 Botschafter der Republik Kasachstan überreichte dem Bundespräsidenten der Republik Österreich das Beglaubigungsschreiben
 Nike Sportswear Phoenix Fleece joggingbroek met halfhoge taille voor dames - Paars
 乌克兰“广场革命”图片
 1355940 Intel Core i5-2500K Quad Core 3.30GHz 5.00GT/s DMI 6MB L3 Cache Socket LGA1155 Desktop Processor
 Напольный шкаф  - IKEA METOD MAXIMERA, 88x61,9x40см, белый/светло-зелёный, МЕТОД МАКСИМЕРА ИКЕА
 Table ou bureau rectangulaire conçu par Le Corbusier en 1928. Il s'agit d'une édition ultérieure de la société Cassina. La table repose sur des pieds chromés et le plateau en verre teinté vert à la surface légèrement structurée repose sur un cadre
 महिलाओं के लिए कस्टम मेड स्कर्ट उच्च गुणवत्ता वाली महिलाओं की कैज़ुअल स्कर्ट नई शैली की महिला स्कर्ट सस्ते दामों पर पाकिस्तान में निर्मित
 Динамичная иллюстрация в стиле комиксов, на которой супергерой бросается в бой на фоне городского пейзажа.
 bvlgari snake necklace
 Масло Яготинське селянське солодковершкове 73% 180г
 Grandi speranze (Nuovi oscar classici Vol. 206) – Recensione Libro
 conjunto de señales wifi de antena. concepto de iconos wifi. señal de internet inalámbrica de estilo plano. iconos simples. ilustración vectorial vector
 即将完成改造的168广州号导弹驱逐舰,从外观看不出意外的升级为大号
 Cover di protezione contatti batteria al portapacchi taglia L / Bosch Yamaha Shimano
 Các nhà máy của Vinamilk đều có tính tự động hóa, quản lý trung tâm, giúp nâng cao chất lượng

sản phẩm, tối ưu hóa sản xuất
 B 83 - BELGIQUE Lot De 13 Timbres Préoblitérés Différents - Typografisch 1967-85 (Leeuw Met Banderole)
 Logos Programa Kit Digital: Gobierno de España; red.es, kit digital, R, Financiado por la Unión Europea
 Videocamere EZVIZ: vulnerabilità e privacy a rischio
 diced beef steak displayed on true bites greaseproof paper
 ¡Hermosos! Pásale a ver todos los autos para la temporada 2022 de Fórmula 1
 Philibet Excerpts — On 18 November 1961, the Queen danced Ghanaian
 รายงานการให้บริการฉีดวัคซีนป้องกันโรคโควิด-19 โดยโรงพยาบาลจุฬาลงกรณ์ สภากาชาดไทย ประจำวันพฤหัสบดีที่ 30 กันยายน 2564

» Task: All that is wanted is the stretch of lines above from the one containing "महिलाओं के लिए" through the one containing "Grandi speranze (Nuovi", duplicated exactly.

» Solution below:
 महिलाओं के लिए कस्टम मेड स्कर्ट उच्च गुणवत्ता वाली महिलाओं की कैज़ुअल स्कर्ट नई शैली की महिला स्कर्ट सस्ते दामों पर पाकिस्तान में निर्मित
 Динамичная иллюстрация в стиле комиксов, на которой супергерой бросается в бой на фоне городского пейзажа.
 bvlgari snake necklace
 Масло Яготинське селянське солодковершкове 73% 180г
 Grandi speranze (Nuovi oscar classici Vol. 206) – Recensione Libro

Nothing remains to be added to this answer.